Why Your Wearable's Calorie Count Is Wrong by 27 to 93 Percent
TL;DR
A 2017 Stanford study tested seven wrist-worn fitness trackers against clinical-grade instruments. Heart rate was accurate within 5 percent on six of the seven devices. Energy expenditure was off by 27 to 93 percent on every single one. The calorie burn number on your Oura, Fitbit, or Apple Watch is not a measurement. It is a guess, and the guesses are so bad that the most accurate device was still wrong by more than a quarter.
What the Stanford study actually measured
In May 2017, a team at Stanford University School of Medicine led by Euan Ashley, a professor of cardiovascular medicine and genetics, ran a study they did not expect to be controversial. They recruited 60 volunteers, 31 women and 29 men, and had them wear seven consumer fitness trackers while walking, running on a treadmill, and pedaling on a stationary bike.
The devices were the Apple Watch, Basis Peak, Fitbit Surge, Microsoft Band, Mio Alpha 2, PulseOn, and Samsung Gear S2. The researchers compared each device's output against two clinical instruments: an electrocardiograph for heart rate and an indirect calorimeter for metabolic rate. The calorimeter measures oxygen and carbon dioxide in breath, which is the standard proxy for energy expenditure in exercise physiology.
The results were published in the Journal of Personalized Medicine. Heart rate accuracy was good. Six of the seven devices stayed within 5 percent of the ECG reading. Some variation existed based on skin tone and body mass index, but the overall picture was clear: if you want to know your heart rate during a run, a wristband will do.
Energy expenditure was a different story.

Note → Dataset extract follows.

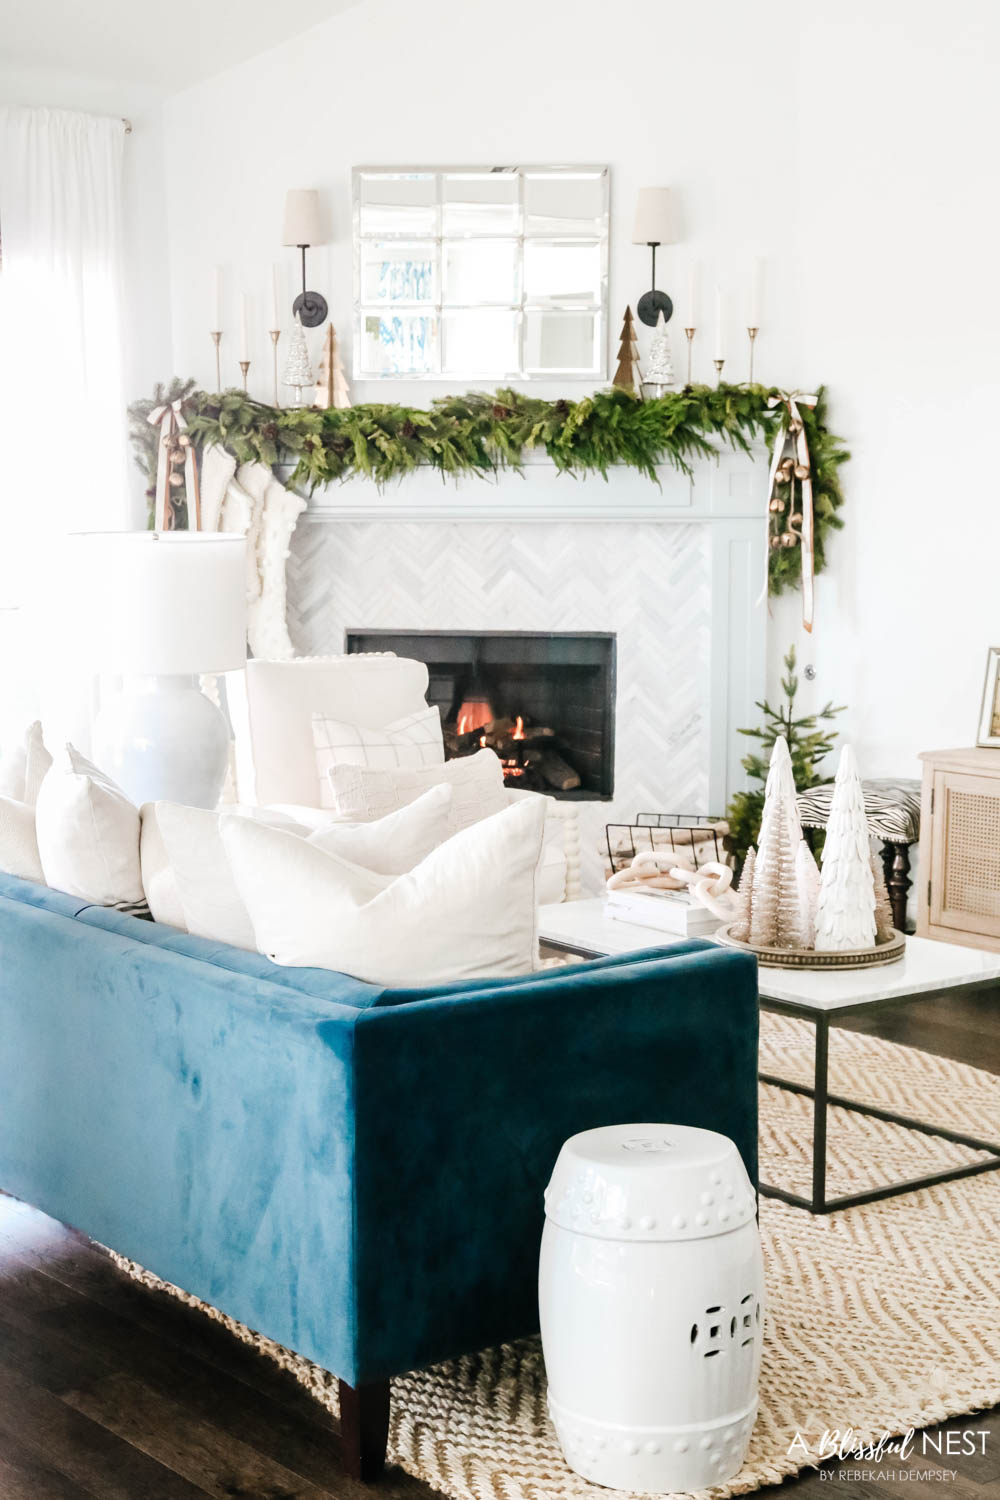 Navy blue velvet sofa facing a fireplace mantle. Green holiday garland with a mirror above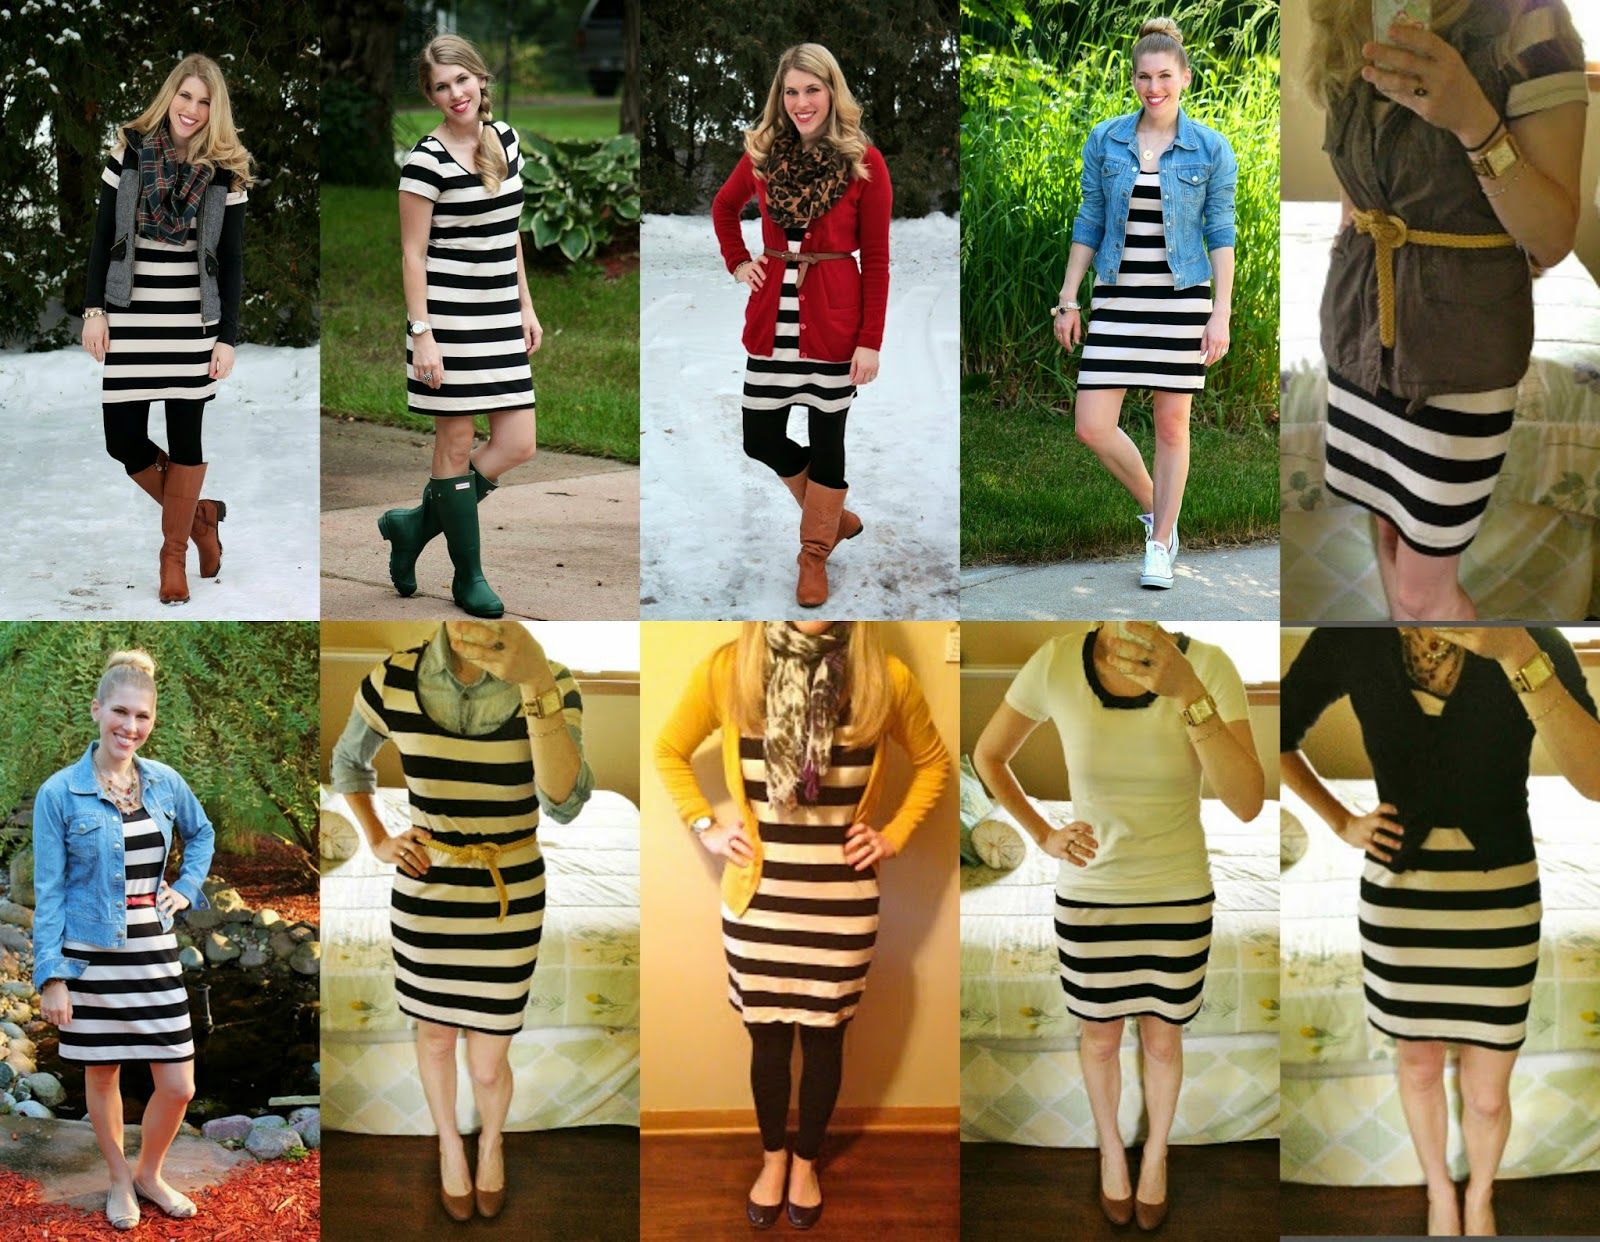 How To Wear Black And White Striped Dress

Not one device measured it accurately. The most accurate device, the Apple Watch, was off by an average of 27 percent. The least accurate, the PulseOn, was off by 93 percent. That means if the calorimeter said you burned 400 calories, the PulseOn might report anything from 28 to 772.
Ashley told Stanford Medicine News: "The magnitude of just how bad they were surprised me." Anna Shcherbina, the graduate student who shared lead authorship, said the error was so large that even the best-performing device was outside the 10 percent threshold they had set as acceptable for a lay user.
![]()
How the guess works
To understand why the error is so large, you need to understand what a fitness tracker is actually doing when it displays a calorie count.
The device has an accelerometer and a photoplethysmography (PPG) sensor. The accelerometer counts motion in three axes. The PPG sensor measures blood volume changes in the capillaries to estimate heart rate. From these two inputs, the device runs a proprietary algorithm that outputs a number labeled "calories burned."
That algorithm is the problem. It is not measuring energy expenditure directly. It is inferring it from proxy signals: how much you moved, how fast your heart beat, and a set of assumptions about your body composition, fitness level, and the metabolic cost of the activity you are doing.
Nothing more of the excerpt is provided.